Recursion function to find sum of digits in integers using python

Question

def sumdigits(number):
  if number==0:
    return 0
  if number!=0:
    return (number%10) + (number//10)

this is the function that I have. However its only give the proper sum of 2 digit numbers. How can i get the sum of any number. Also would my function count as recursion

def main():
    number=int(input("Enter a number :"))
    print(sumdigits(number))
main()

Answer 1

No, it is not recursive as you are not calling your function from inside your function.

Try:

def sumdigits(number):
  if number == 0:
    return 0
  else:
    return (number%10) + sumdigits(number//10)

Answer 2

Recursion is a way of programming or coding a problem, in which a function calls itself one or more times in its body.

Usually, it is returning the return value of this function call. If a function definition fulfils the condition of recursion, we call this function a recursive function.

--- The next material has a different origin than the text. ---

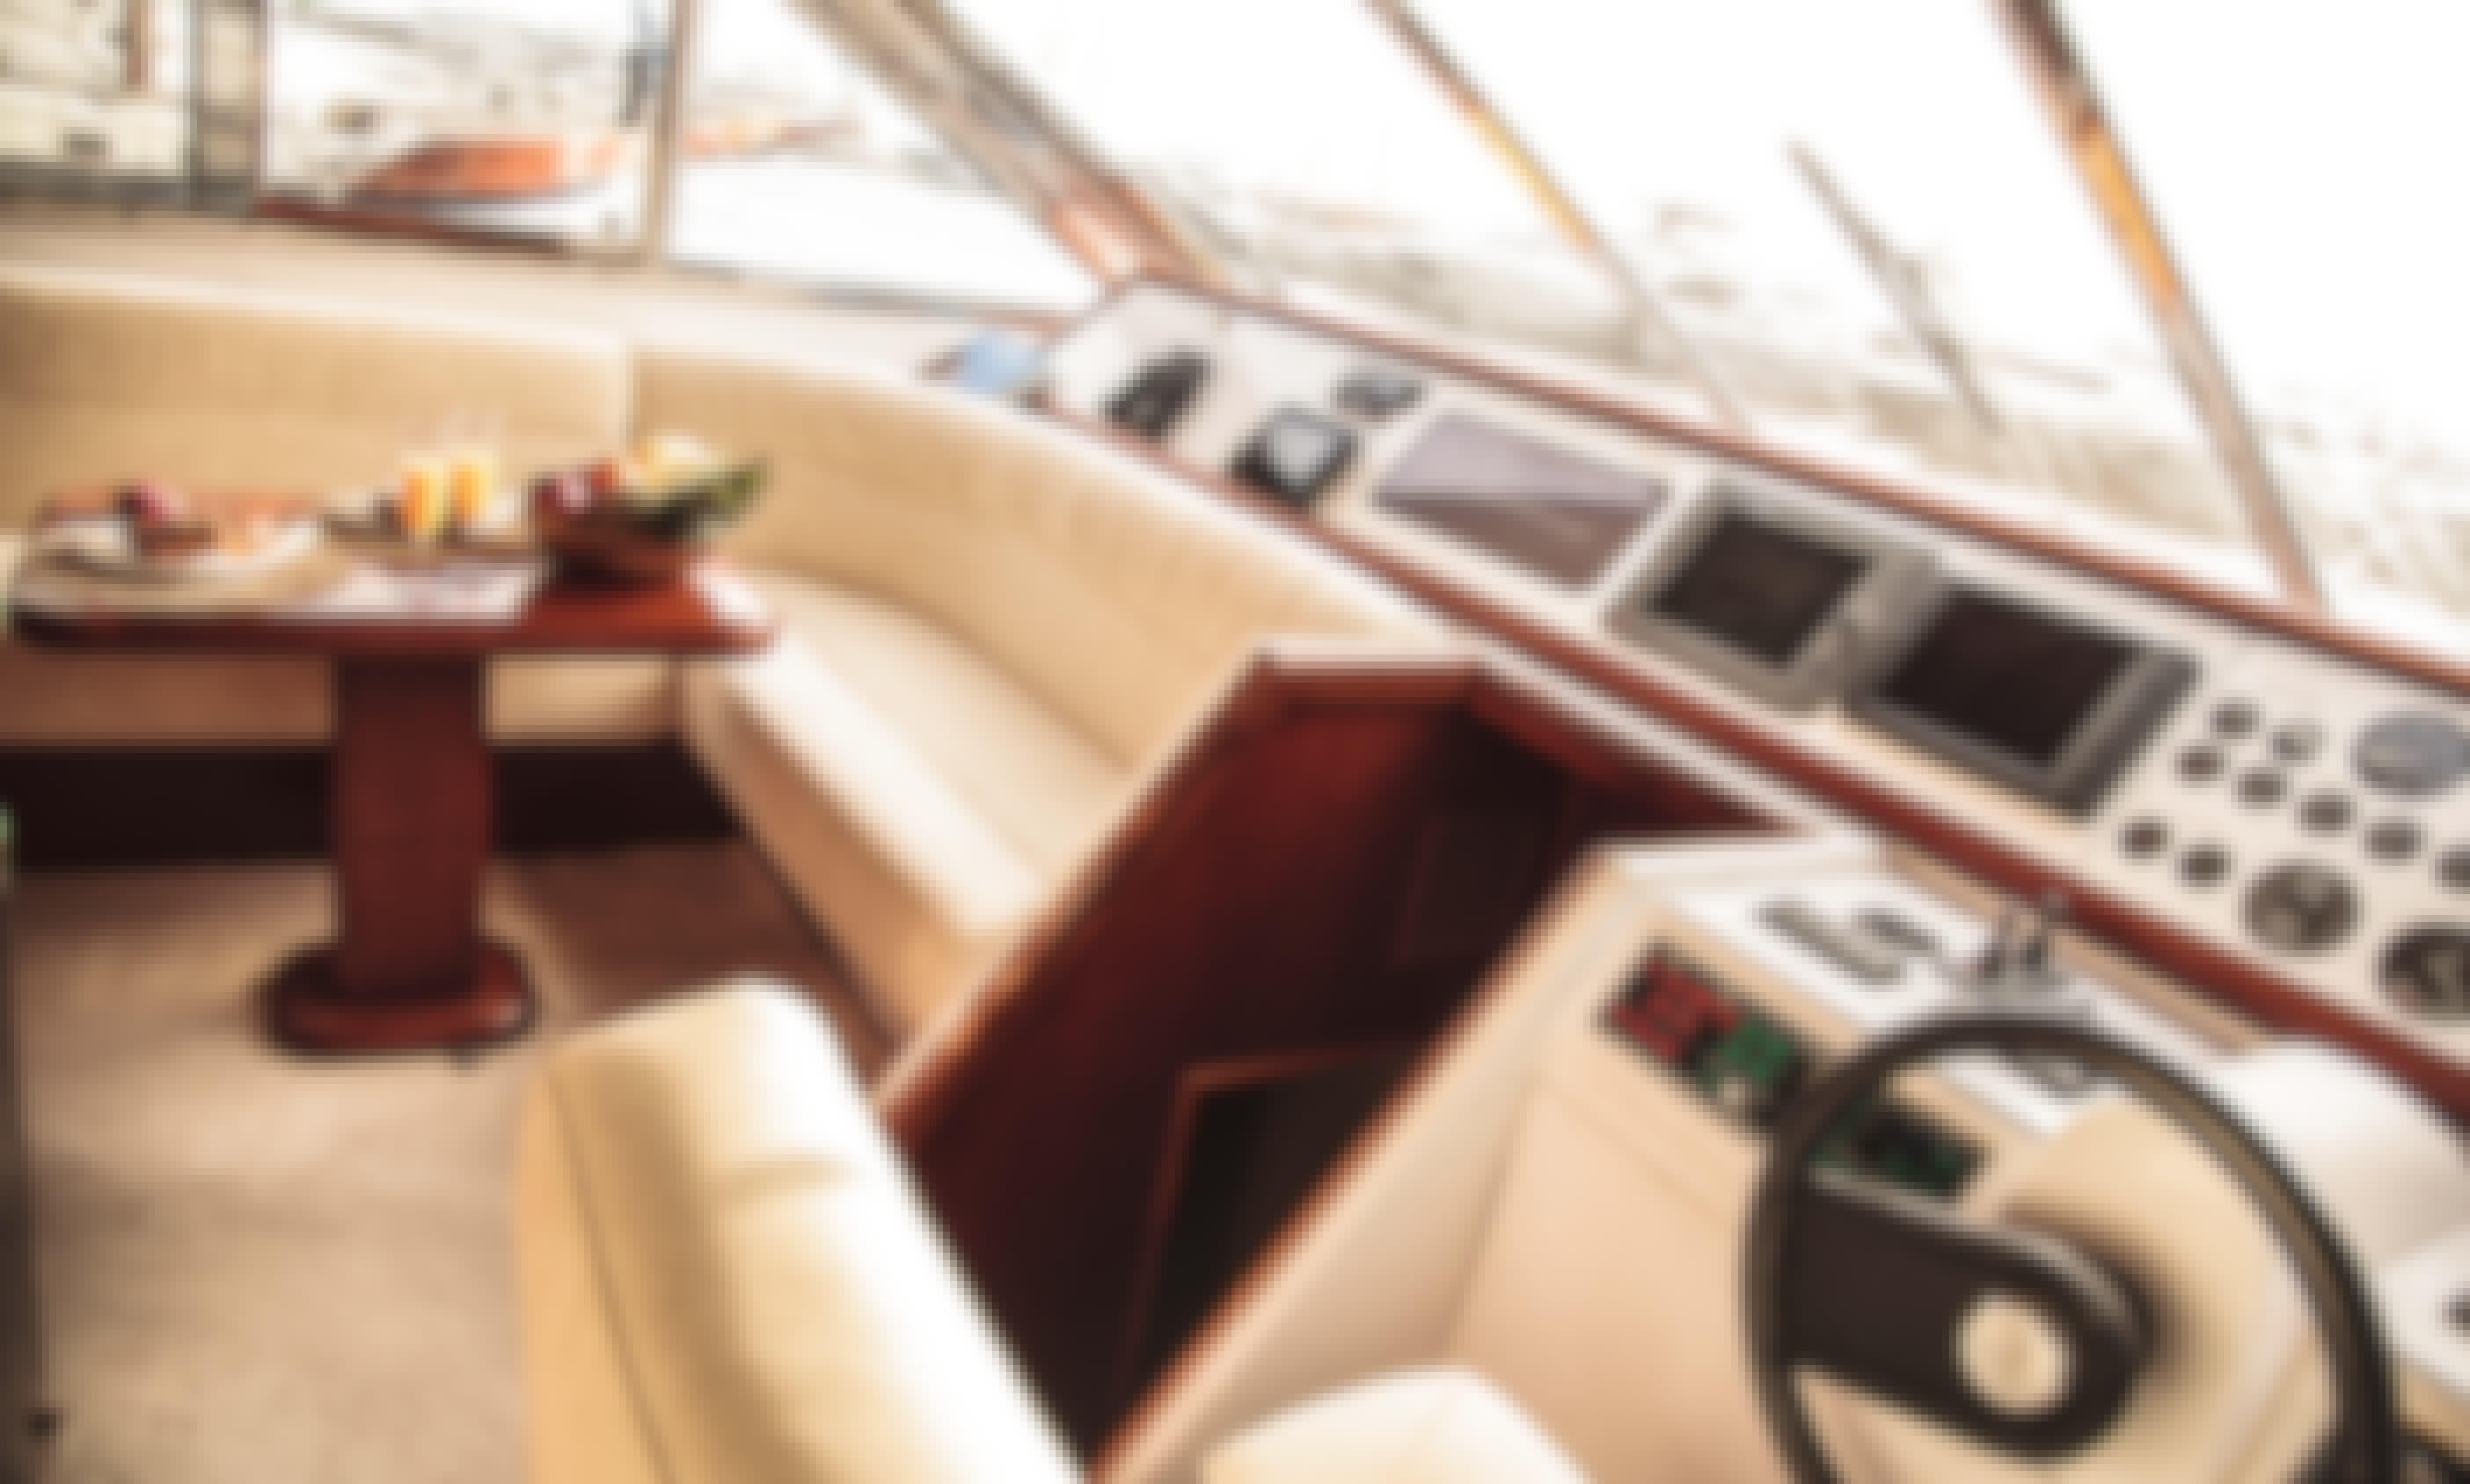 Technema 64 Flybridge Power Mega Yacht in Athens, Greece
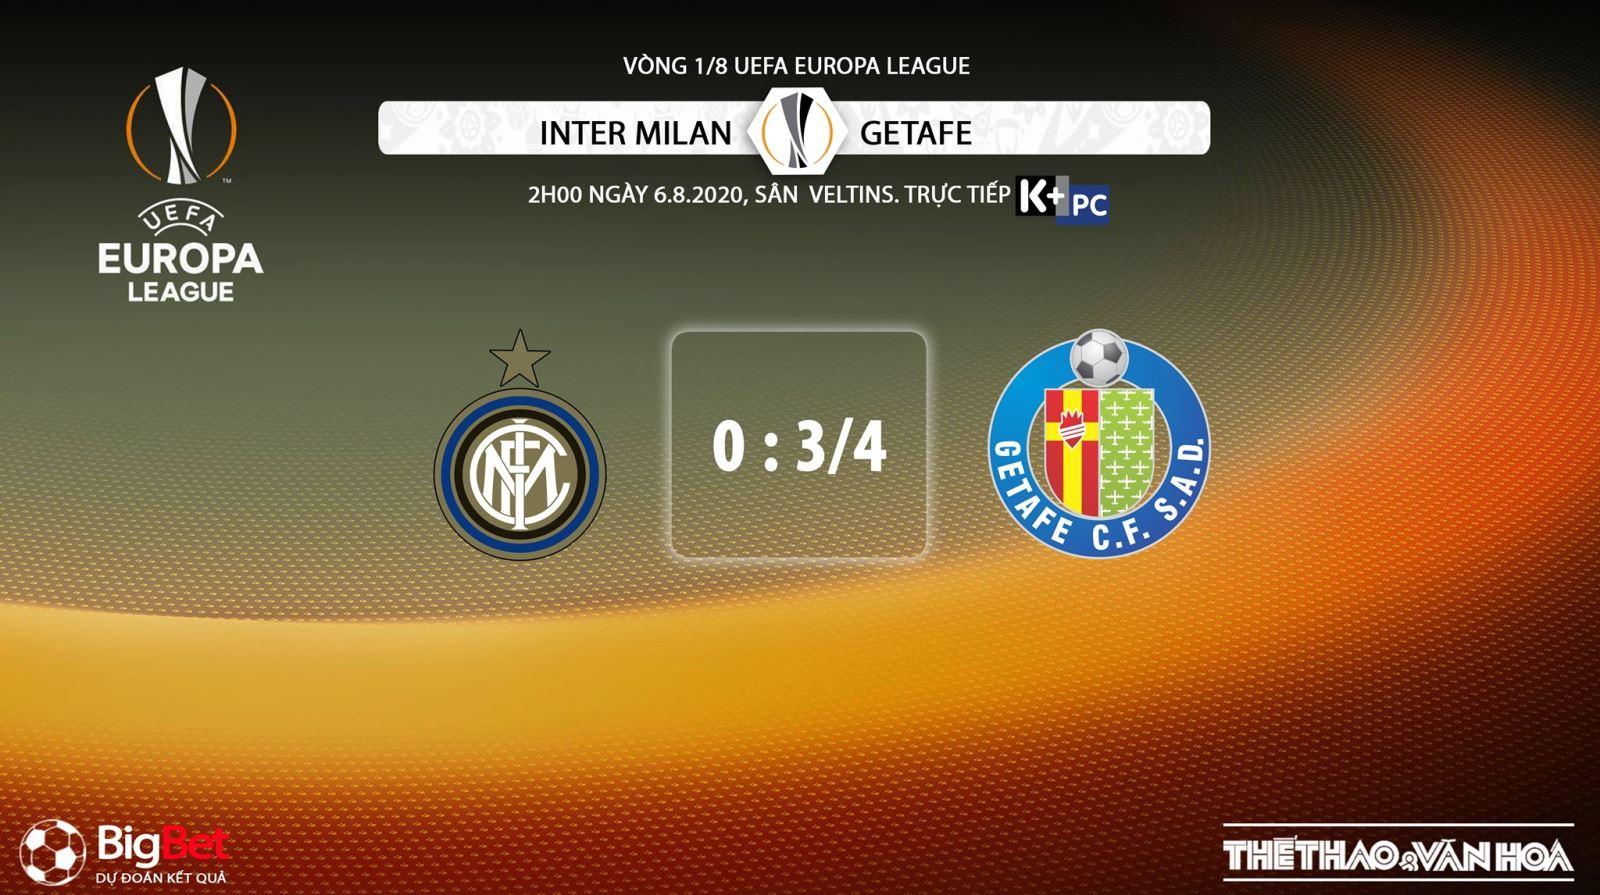 Inter Milan vs Getafe, Inter, Getafe, soi kèo Inter Milan vs Getafe, nhận định, kèo bóng đá, soi kèo bóng đá, soi kèo

A recursive function has to terminate to be used in a program. Usually, it terminates, if with every recursive call the solution of the problem is downsized and moves towards a base case. A base case is a case, where the problem can be solved without further recursion. (a recursion can lead to an infinite loop, if the base case is not met in the calls). For this problem, the "base case" is:

if number == 0:
    return 0

A simple recursive function for sum all the digits of a number is:

def sum_digits(number):
    """ Return the sum of digits of a number.
        number: non-negative integer
    """

    # Base Case
    if number == 0:
        return 0
    else:
        # Mod (%) by 10 gives you the rightmost digit (227 % 10 == 7), 
        # while doing integer division by 10 removes the rightmost 
        # digit (227 // 10 is 22)

        return (number % 10) + sumdigits(number // 10)

If we run the code we have:

>>>print sum_digits(57) # (5 + 7) = 12 
12
>>>print sum_digits(5728) # (5 + 7 + 2 + 8) = 22
22